2. Mengalami gangguan interaksi sosial
Selain sulit berkomunikasi, gejala gangguan autisme juga akan mengalami sulitnya bersosialisasi. Biasanya, anak dengan autisme sering kali terlihat asyik dengan dunianya sendiri, sehingga sulit terhubung dengan orang-orang di sekitarnya.
Anak penderita autisme juga terlihat kurang responsif atau sensitif terhadap perasaannya sendiri maupun orang lain. Karena itulah, anak dalam kondisi ini sangat tidak mudah berteman, bermain, dan berbagi dengan orang lain, sekalipun teman sendiri.
Adapun ciri-cirinya adalah sebagai berikut.
- Tidak berbagi minat dengan orang lain, misalnya, menunjukkan objek yang mereka sukai.
- Tidak menunjukkan ketertarikan.
- Tidak memperhatikan ketika orang lain terluka atau marah.
- Tidak memperhatikan anak-anak lain dan ikut bermain.
- Tidak berpura-pura menjadi orang lain layaknya anak dalam kondisi normal yang sering kali berpura-pura menjadi guru atau pahlawan super, saat bermain.
- Tidak menyanyi, menari, atau berakting
3. Mengalami gangguan perilaku atau minat yang terbatas/berulang
Anak dengan gangguan autisme memiliki pola perilaku khas yang biasanya ditunjukkan. Berikut contoh perilaku atau minat yang terbatas/berulang.
- Menjajarkan mainan atau benda lain dan menjadi kesal saat pesanan diubah.

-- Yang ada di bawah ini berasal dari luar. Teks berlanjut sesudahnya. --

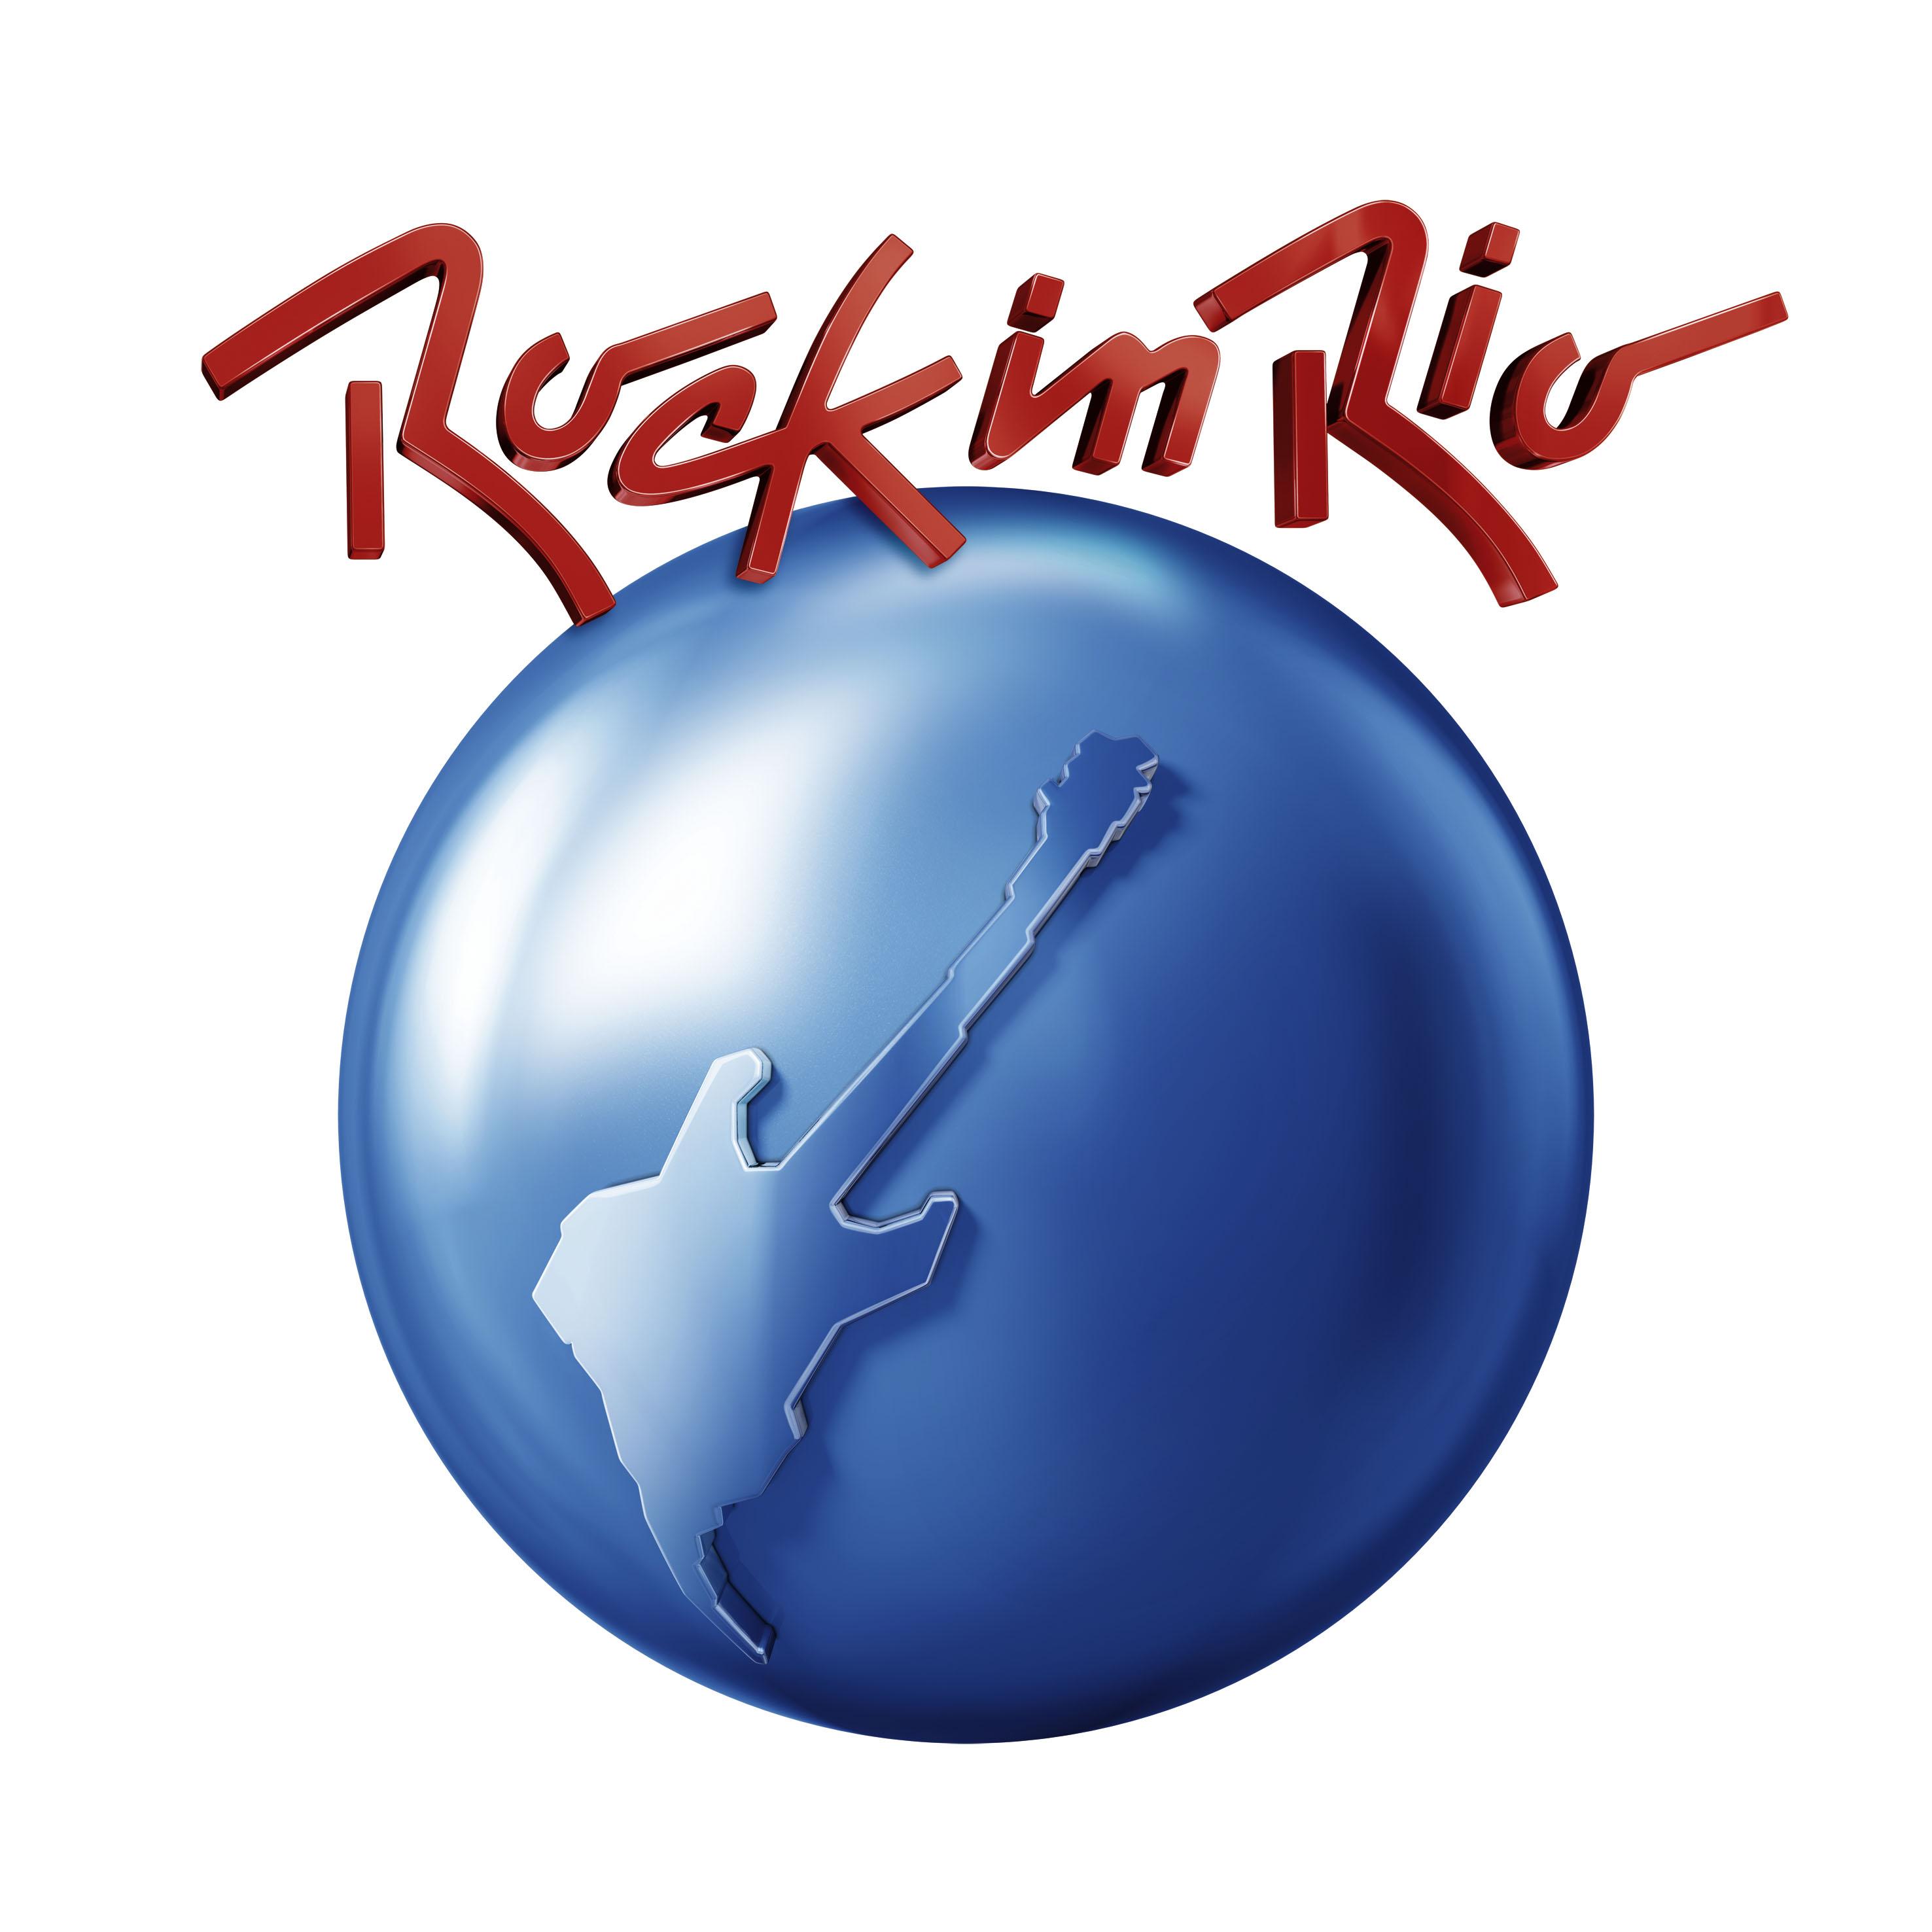 https://revistaraca.com.br/wp-content/uploads/2017/09/rock-in-rio-logo.jpg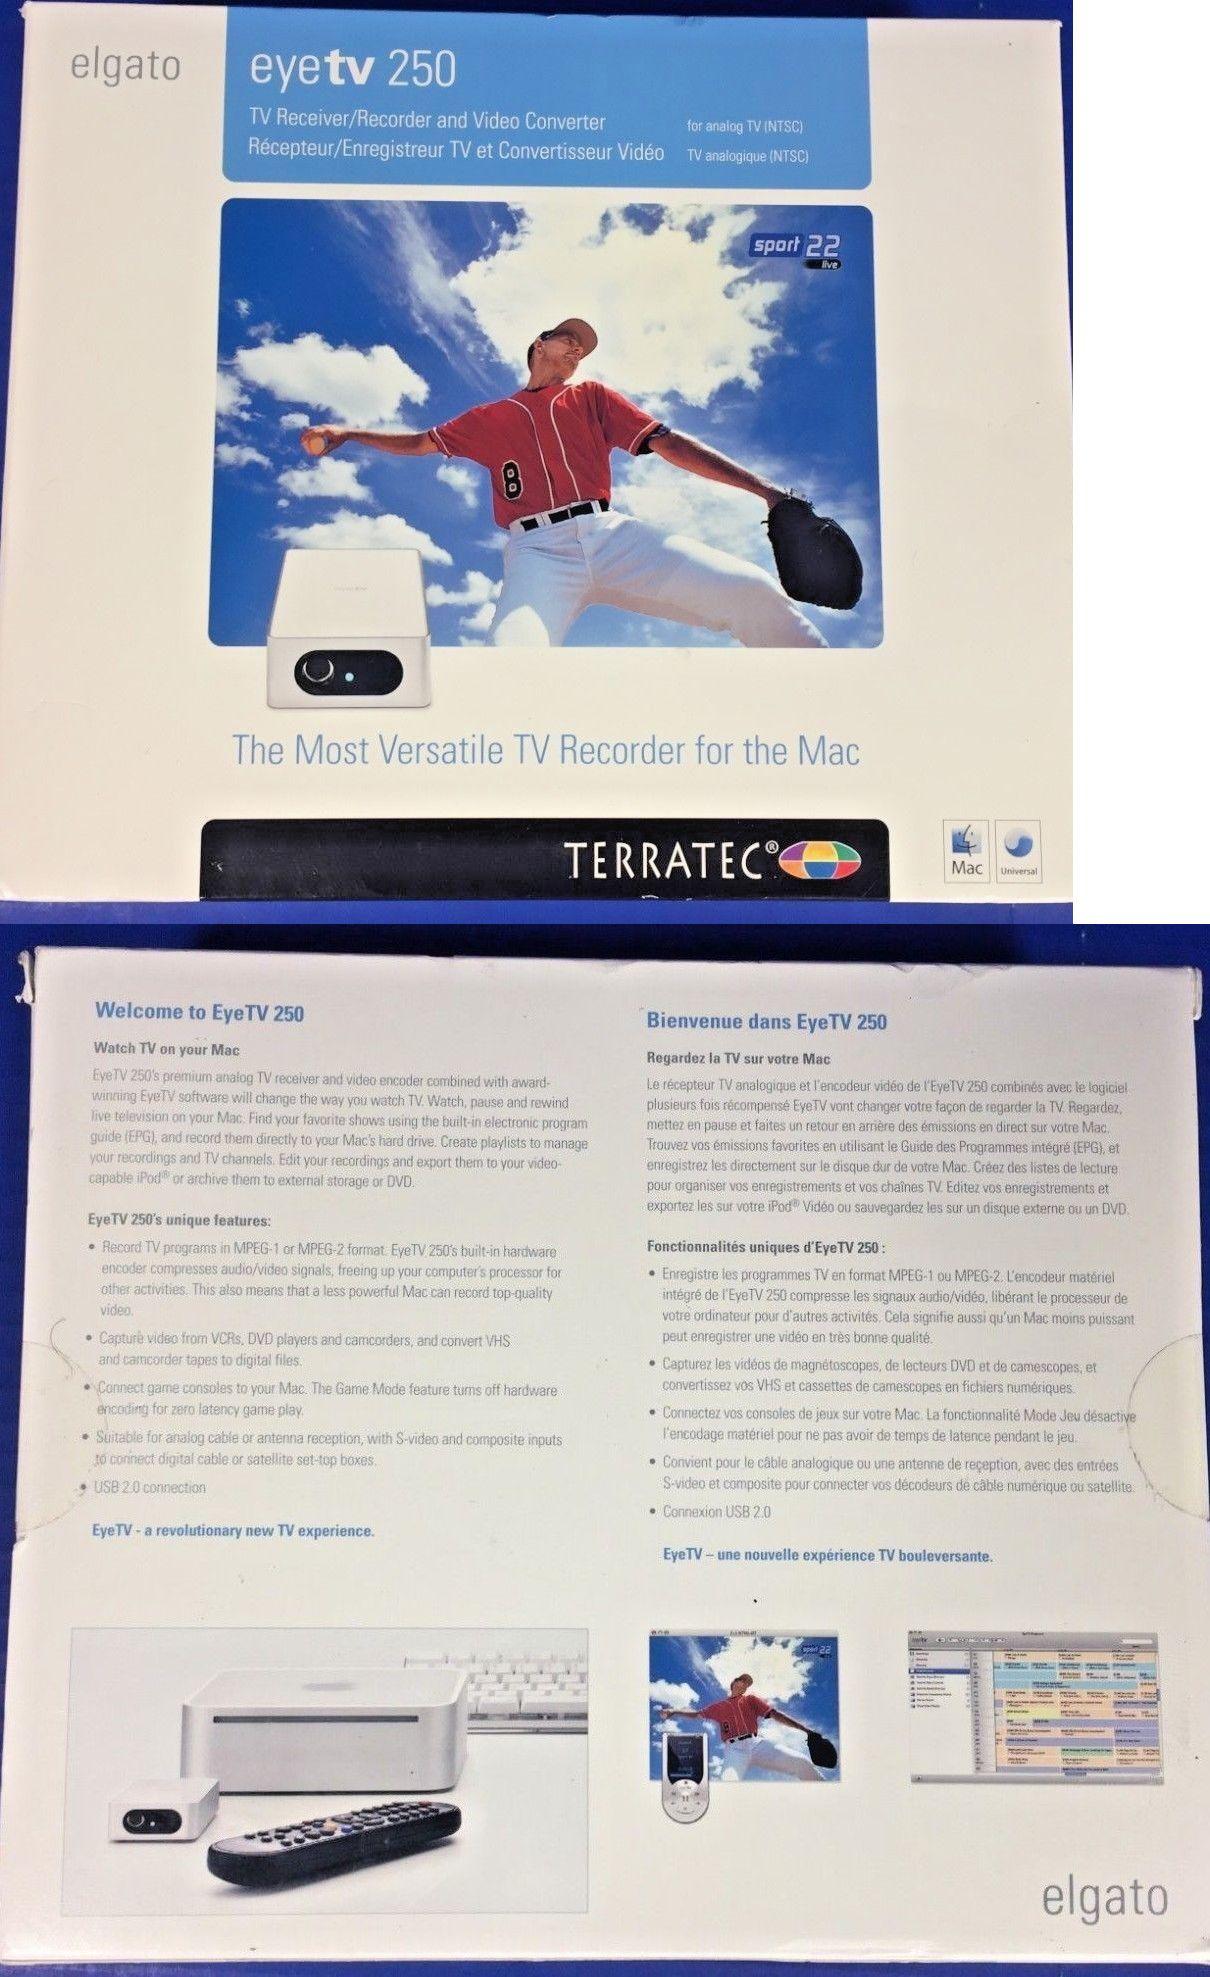 TV Tuner Video Capture Devices 175679: Elgato Eyetv 250

- Mengulangi kata atau frasa berulang-ulang (disebut echolalia).
- Bermain dengan mainan dengan pola atau cara yang sama setiap saat.
- Difokuskan pada bagian objek (misalnya, roda).
- Marah, menangis, atau tertawa tanpa alasan yang jelas atau karena perubahan kecil.
- Memiliki minat obsesif.
- Harus mengikuti rutinitas tertentu.
- Memiliki reaksi yang tidak biasa terhadap suara, bau, rasa, tampilan, atau rasa benda.
- Hanya menyukai atau mengonsumsi makanan tertentu.
- Hanya menyukai objek atau topik tertentu.
- Melakukan tindakan atau gerakan tertentu secara berulang, seperti mengayun tangan atau memutar-mutarkan badan.
- Melakukan aktivitas yang membahayakan dirinya sendiri, seperti menggigit tangan dengan kencang atau membenturkan kepala ke dinding.
- Sensitif terhadap cahaya, sentuhan, atau suara, tetapi tidak merespons rasa sakitnya.
- Adanya kelainan pada sikap tubuh atau pola pada gerakan, misalnya selalu berjalan dengan berjinjit.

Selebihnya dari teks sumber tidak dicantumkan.